This guest article written by Andrey Ulanov.
The Russian military first got acquainted with light machine guns in 1904, on the brink of the Russian-Japanese War. After having tested a few Madsen LMGs, the Army decided to make a purchase. However, most of the ordered batch did not arrive in time for war, so according to some sources, Madsens were first used during the 1905 rebellions, both by the government troops and the rebels.
Going forward, the Russian army focused its efforts on heavy machine gun due to limited capacity of Russian arms production industry. At the time, there was just one factory capable of manufacturing high tech military equipment (and in the early 20th century, machine guns were definitely considered high tech), located in Tula, Russia’s arms powerhouse since 1595.
As the Great War made the need for a light machine gun very clear, the Empire decided to build a new plant in Kovrov using Danish syndicate help (as in, equipment and engineers). Unfortunately, the revolutionary turmoil of 1917 did not allow the factory to be completed as Danes fled the country, taking most of the equipment with them, so the Madsen never became the Russian or Soviet machine gun.
The freshly minted Soviet Red Army initially tried to follow the German path by creating Maxim-Tokarev, a light version of the Maxim machine gun, similar to the German LMGs of World War I. However, the first batches drew a lot of criticism from the troops. Despite the fact that some of those could be attributed to the initial production difficulties, normal when developing a new weapon, the Red Army deemed the Maxim-Tokarev had “little potential”. It was heavy (not a great trait for a light machine gun) and complex. All further improvements led to the loss of resemblance to the original Maxim and consequently made the production even more complex. The situation called for designing a new light machine gun from scratch.

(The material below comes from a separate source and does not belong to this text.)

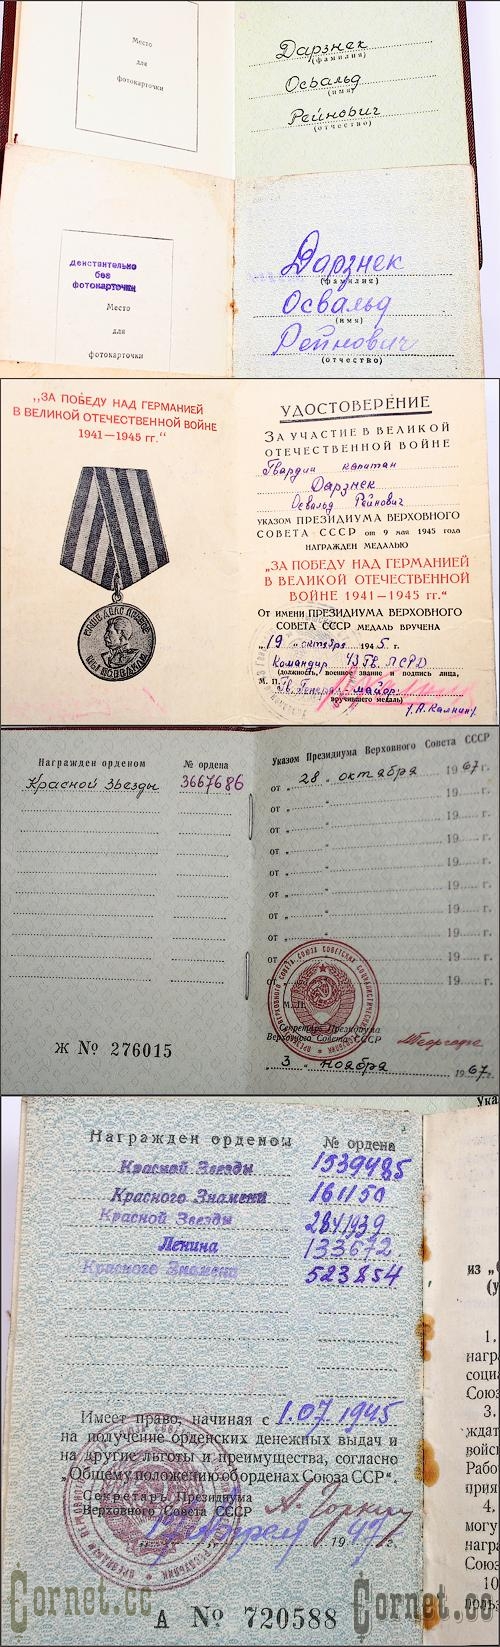 Комплект наград НКВД - МГБ

At the time, Soviets had great relationships with Weimar Republic and considered the German light machine guns very promising. Ten samples were purchased, including some tank-mounted models. While we cannot know exactly, these were presumably the MG-13 experimental versions.
However, before long the Red Army command had a new domestic option. The Degtyarev DP-27 was designed by Vasily Degtyarev, a disciple of General Vladimir Fedorov of “Fedorev Avtomat” fame. After creating several prototypes, the designers settled on the time-tested gas blowback scheme.

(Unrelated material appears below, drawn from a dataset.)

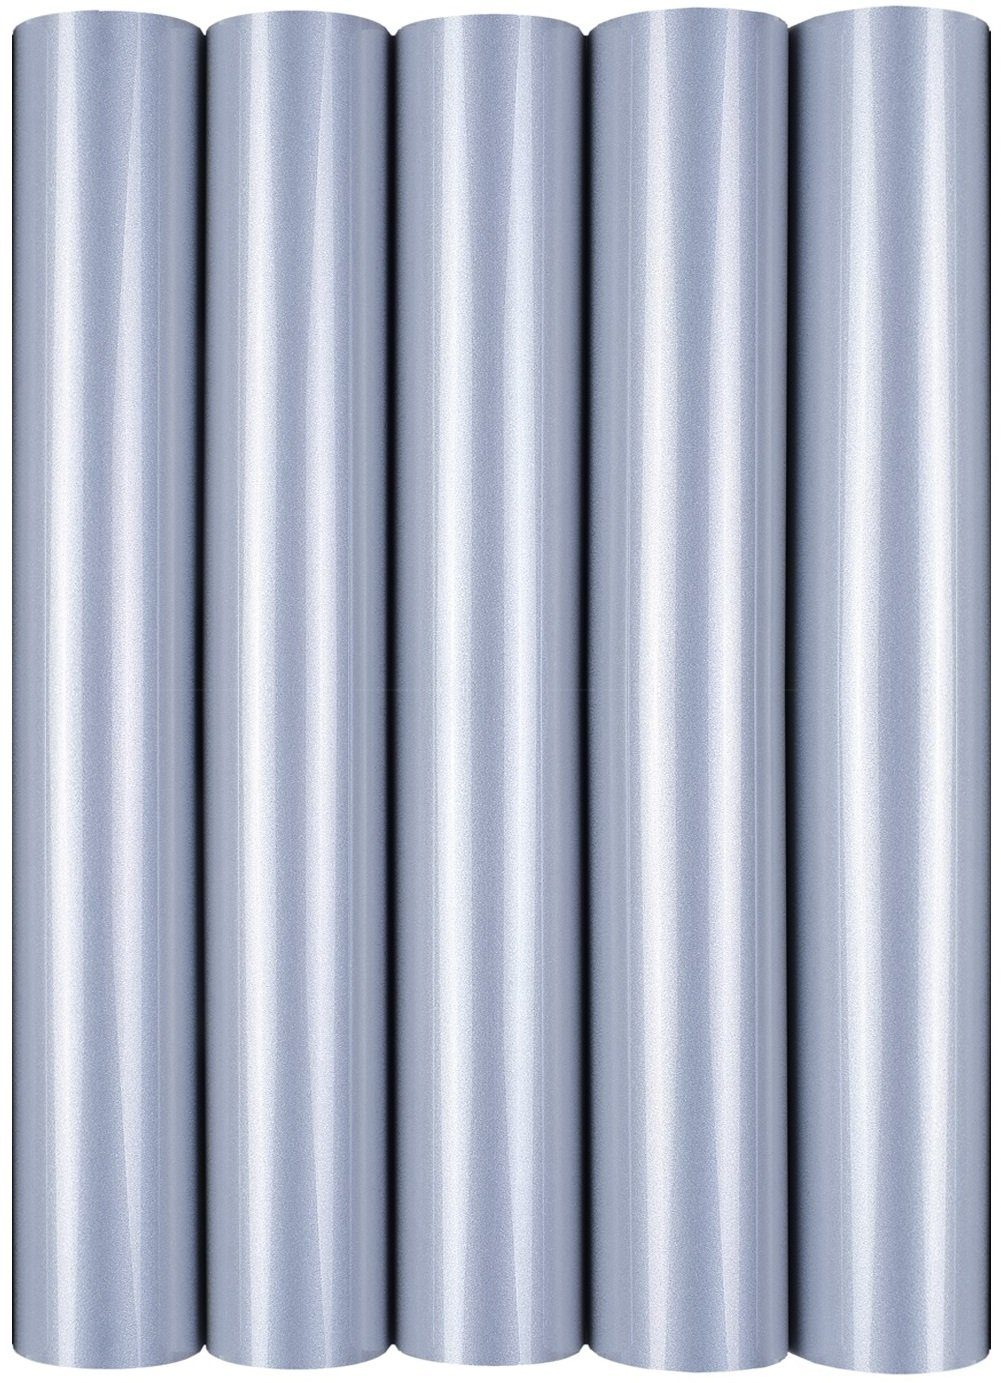 Reflective Textilfolie, 30x20 cm Reflektierende mehrfarbig, Hilltop Transparentpapier Transferfolie, Silver

Choosing the feed system was not nearly as straightforward. The shape and rim of the Russian standard 7.62x54R cartridge made it unsuitable for either box-feeding or belt-feeding. The British .303 and the old French 8x50R Lebel rifle cartridges had the same problem. Fedorov tried to convince the leadership to adopt the Japanese 6.5x50mmSR Arisaka cartridge but to no avail. In the end, the Command decided on sticking to the good old 7.62x54R. Designing a reliable box magazine for it seemed nigh impossible, and cloth ammo belts had their own share of problems in the wet and cold of Russia (Soviets would not be able to produce metallic belts until WWII). So Degtyarev opted for a pan magazine, which not only could reliably feed 7.62x54R cartridges but also contained 47 rounds, way more than standard 20- or 30-round box magazines of competing light machine guns.

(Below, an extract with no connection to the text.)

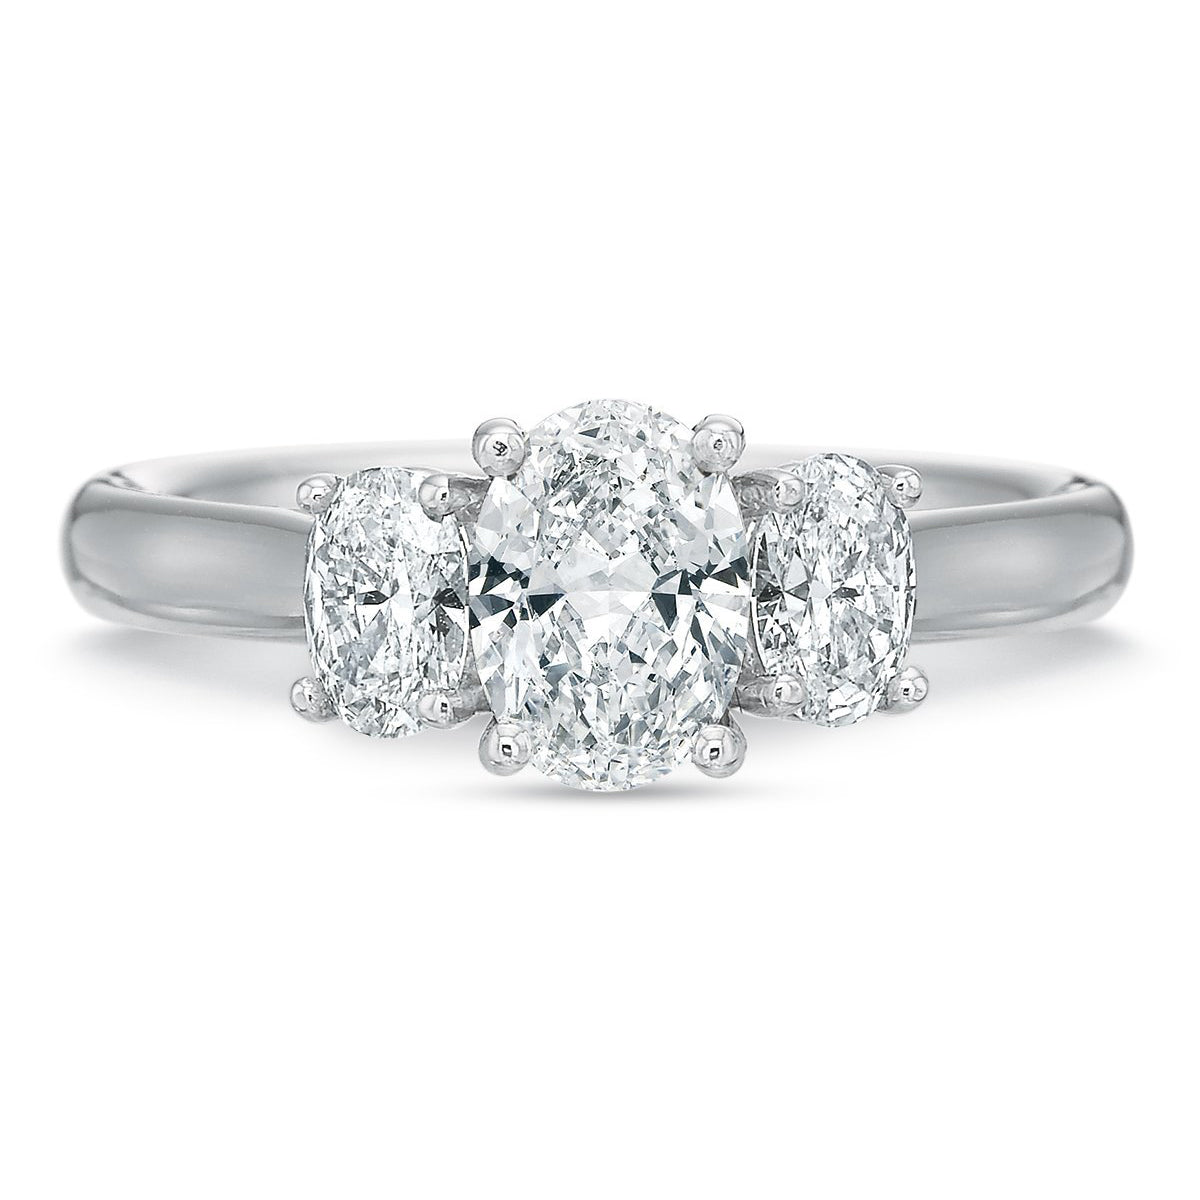 Korman Signature 18kt 3-stone 1.5ct Center Oval Diamond Engagement Ring

On the other hand, the pan-feed system also had many flaws. The Army testers noted excessive “dead weight” (too much metal per cartridge). Pans were also complex and expensive to manufacture. In combat, sharing ammo between soldiers and reloading under fire were also far from simple. Even before World War II, the Red Army worked hard on designing a reliable alternative to pan-feeding DP-27, testing a variety of approaches from installing modular belt feeders and top-mounted box magazines to copying Japanese clip-fed systems off models captured during Khalkhin Gol battles in 1939.
At some point, Goryunov-Voronkov-Goryunov (yes, two different Goryunovs) model was developed. It was a belt-fed light machine gun and it was ready for testing even before the war but it never went into production and its design later contributed to SG-43, Russia’s most successful HMG of WWII.
After June 22, 1941, a steady flow of soldier complaints about the DP began from the frontlines. Most of them regarded the pan-related issues but some were new. The military complained about the carbon buildup in the gas system and recoil springs that often failed due to overheating as they were mounted directly under the air-cooled barrel. In 1942, the USSR held a competition for a new light machine gun. Simonov’s RPS LMG won and a small batch was produced but it never went into mass production. In 1943, Kalashnikov’s light machine gun was tested at the shooting range but failed to reliably feed the 7.62x54R from a high-capacity bottom-mounted box magazine. Definitely an ‘I told you so’ moment for Degtyarev.
As a result, no new light machine gun chambered for a rifle cartridge was ever adopted. The DP was modernized as DPM, with a more comfortable pistol grip, new bipods and a recoil spring moved to a cooler location at the back of the barrel. It even received a belt feed mechanism, which could be installed instead of a standard pan, and was relabeled as RP-46 machine gun. However, as the country stepped into the era of intermediate cartridges, LMGs chambering rifle cartridges became a thing of the past and Degtyarev moved on to design RPD-44, one Russia’s most known LMGs around the world.